Provided material:
....
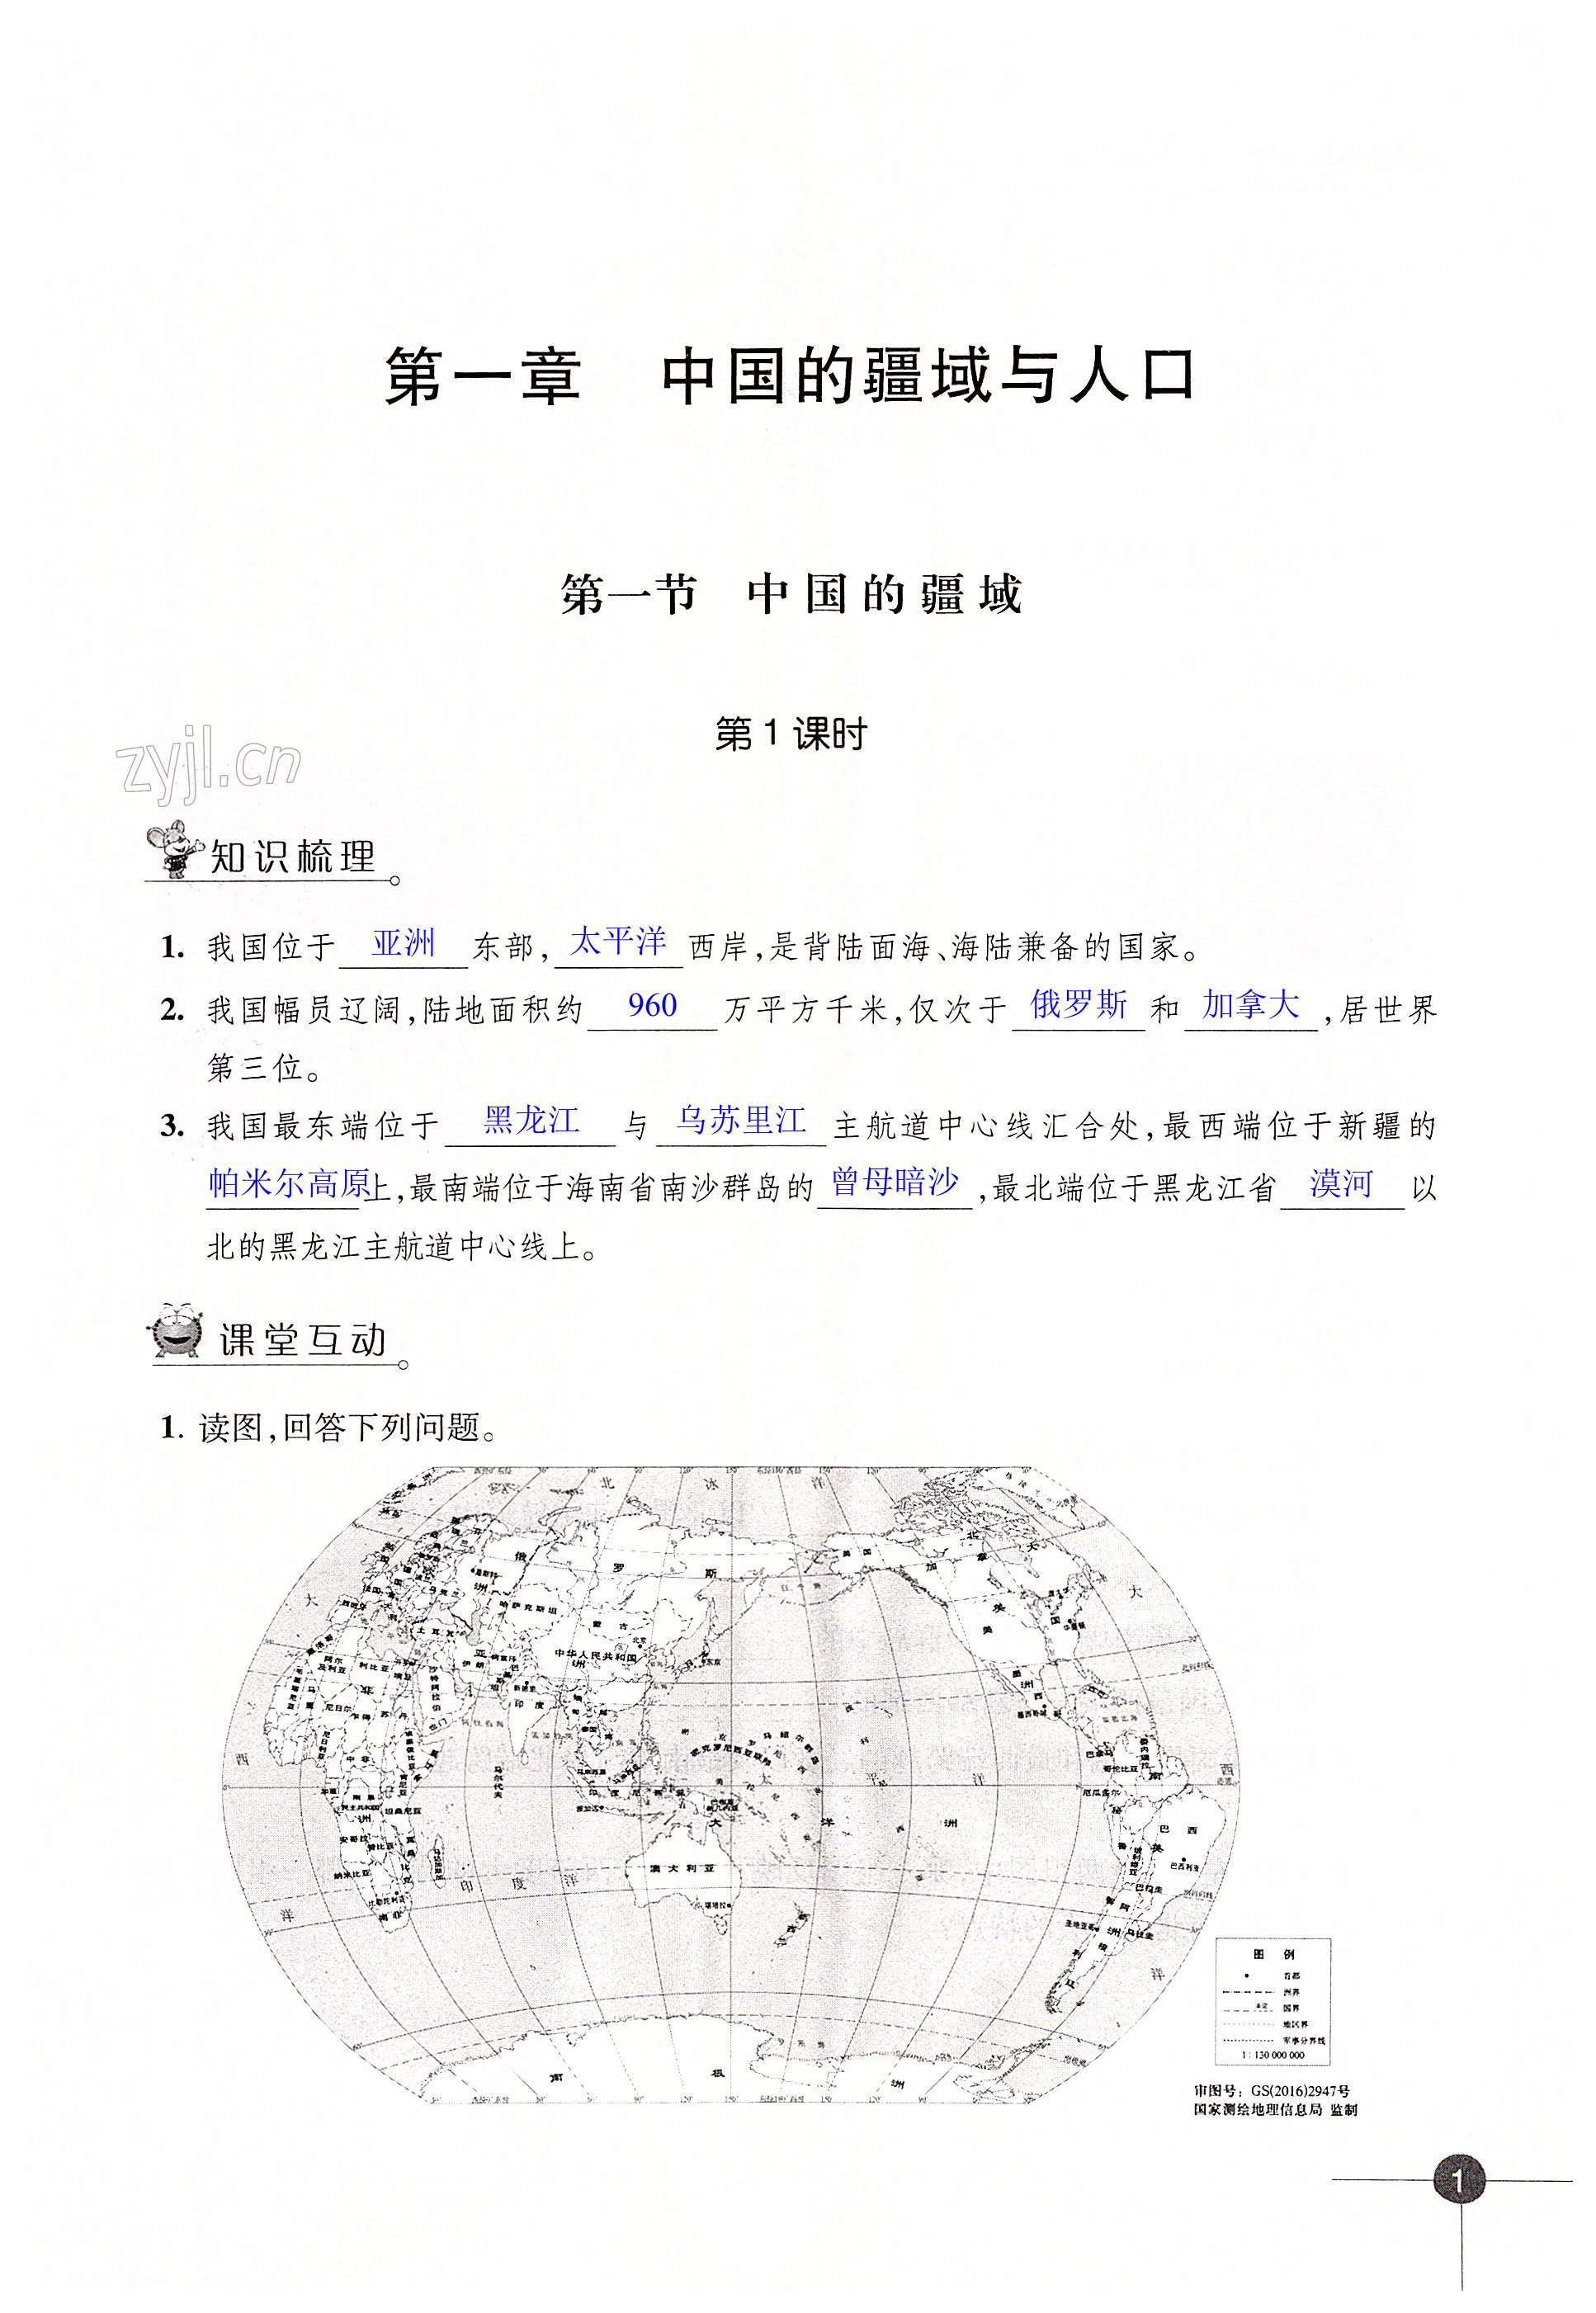 第一章 中国的疆域与人口 - 第1页
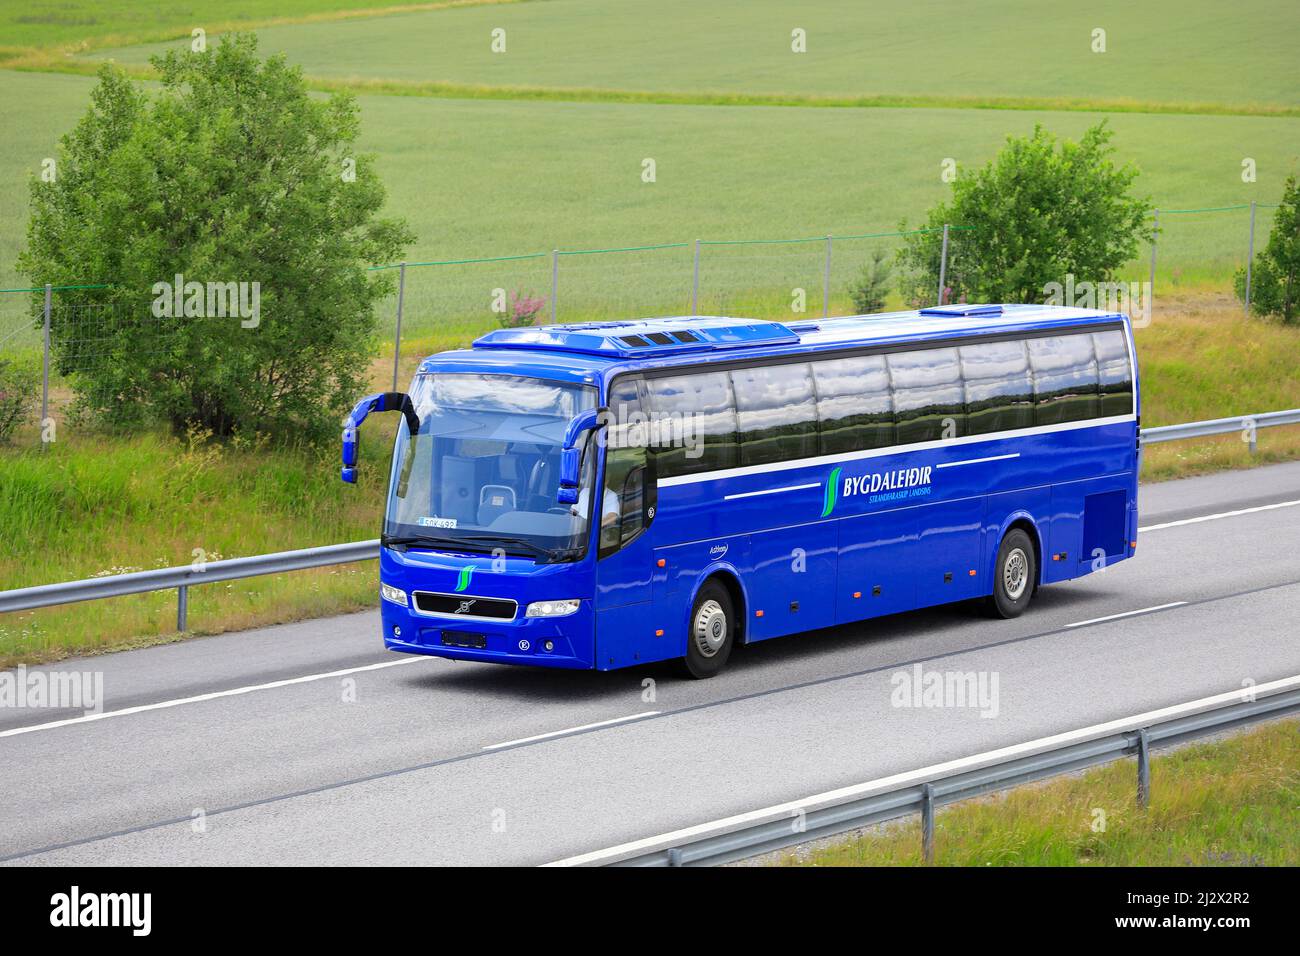 Hellblauer Volvo-Bus Bygdaleidir, Finnland-Schilder, an der finnischen Nationalstraße 1, E18, in Südfinnland. Salo, Finnland. 10. Juli 2020. Stockfoto
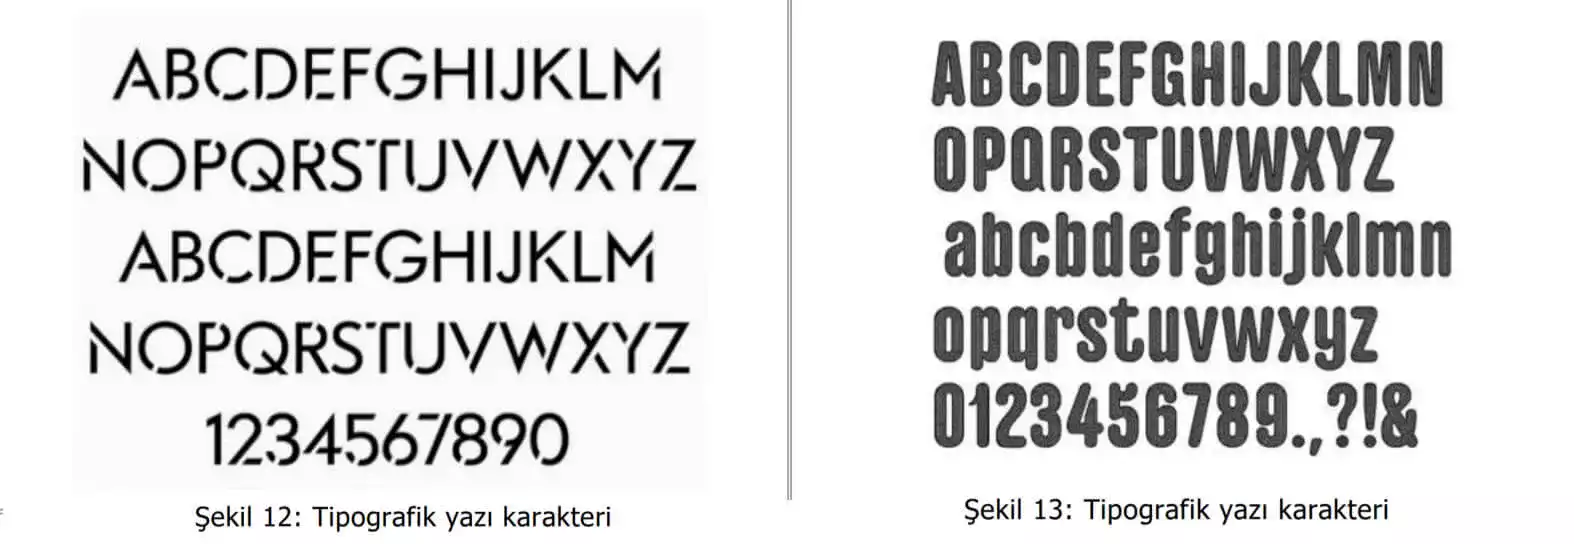 tipografik yazı karakter örnekleri-Üsküdar Patent
....
Copy the data word for word, no pictures.

 第一章 中国的疆域与人口 - 第1页
 Hellblauer Volvo-Bus Bygdaleidir, Finnland-Schilder, an der finnischen Nationalstraße 1, E18, in Südfinnland. Salo, Finnland. 10. Juli 2020. Stockfoto
 tipografik yazı karakter örnekleri-Üsküdar Patent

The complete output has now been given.